Où va votre esprit quand vous avez du temps libre ? Une étude menée par l’Université de l’Arizona et publiée dans Scientific Reports peut offrir quelques indices, et les résultats révèlent une quantité surprenante de notre santé mentale.
78 participants ont été formés pour exprimer leurs pensées à haute voix pendant 10 minutes alors qu’ils étaient assis seuls dans une pièce sans accès à des appareils électroniques. Les chercheurs ont utilisé un équipement audio pour enregistrer ces pensées, puis ont transcrit les enregistrements et en ont analysé le contenu. Au total, plus de 2 000 pensées ont été analysées.
Nous voulions imiter les petites pauses que nous avons tout au long de la journée, comme faire la queue dans un café, prendre une douche, rester au lit la nuit, etc. Ce sont toutes des périodes pendant lesquelles les demandes externes sont minimales et les pensées internes ont tendance à s’infiltrer. »

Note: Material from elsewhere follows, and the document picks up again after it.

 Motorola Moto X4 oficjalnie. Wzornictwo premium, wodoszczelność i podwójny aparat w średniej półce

Quentin Raffaelli, premier auteur, étudiant diplômé, UArizona Department of Psychology
Selon les auteurs, la plupart des recherches en psychologie portant sur la pensée humaine disent aux gens à quoi penser, demandent aux participants de se rappeler à quoi ils pensaient quelques minutes auparavant, ou utilisent des questionnaires d’auto-évaluation pour capturer des instantanés d’arrêt sur image des pensées à différents moments dans le temps, selon les auteurs. .
« Bien que perspicace en soi, cette approche instantanée ne nous en dit pas beaucoup sur la façon dont les pensées se déroulent et évoluent au fil du temps – des caractéristiques de la pensée que nous pensons importantes pour notre santé mentale. Pour capturer ces propriétés dynamiques de la pensée, nous avons besoin d’un méthode qui enregistre les pensées en temps réel et pendant de longues périodes », a déclaré la co-auteur Jessica Andrews-Hanna, professeure adjointe de psychologie qui a supervisé la recherche dans son laboratoire.

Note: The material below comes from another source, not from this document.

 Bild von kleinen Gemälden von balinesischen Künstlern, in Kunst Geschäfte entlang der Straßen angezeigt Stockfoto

Les autres co-auteurs incluent Caitlin Mills, professeure adjointe à l’Université du New Hampshire, ainsi que les professeurs agrégés de psychologie de l’UArizona Mary-Frances O’Connor, Matthias Mehl et Matthew Grilli, l’étudiant diplômé Eric Andrews, les étudiants de premier cycle Kate Chambers, Nadia- Anais de Stefano et Surya Fitzgerald, coordonnatrice du laboratoire Ramsey Wilcox, ainsi que Kalina Christoff, professeure à l’Université de la Colombie-Britannique.
Une fenêtre sur l’esprit
Les chercheurs ont cherché à mesurer les modes de pensée. Ils étaient particulièrement intéressés par la capture de pensées ruminatives, pensant continuellement aux mêmes pensées négatives, ce qui est un symptôme courant de la dépression.
« Alors que la plupart des participants ont passé les 10 minutes à penser au présent ou à l’avenir d’une manière émotionnellement neutre, les participants qui ont obtenu un score élevé à un questionnaire de rumination ont eu des pensées plus centrées sur le passé et négatives », a déclaré Raffaelli. « Les individus ruminants étaient également plus susceptibles de penser à eux-mêmes. »
Les auteurs ont suivi certaines pensées au fil du temps, mesurant combien de temps elles duraient et à quel point elles étaient étroites ou larges. Les individus ruminants avaient des pensées négatives qui duraient plus longtemps que les pensées positives, et ces pensées négatives se sont progressivement rétrécies dans leur sujet au fil du temps.
« Nous avons pu voir comment certaines personnes se sont retrouvées piégées dans des cycles de pensée persévérants », a déclaré Andrews-Hanna. « Nous avons recruté un groupe aléatoire de personnes sans savoir si elles avaient reçu un diagnostic de condition clinique pour cette étude, mais il est frappant de constater qu’en seulement 10 minutes de temps d’arrêt, nous pouvons capturer des processus de pensée qui parlent de nombreuses conditions de santé mentale différentes. »
Certaines personnes, en revanche, ont trouvé les 10 minutes productives et inspirantes.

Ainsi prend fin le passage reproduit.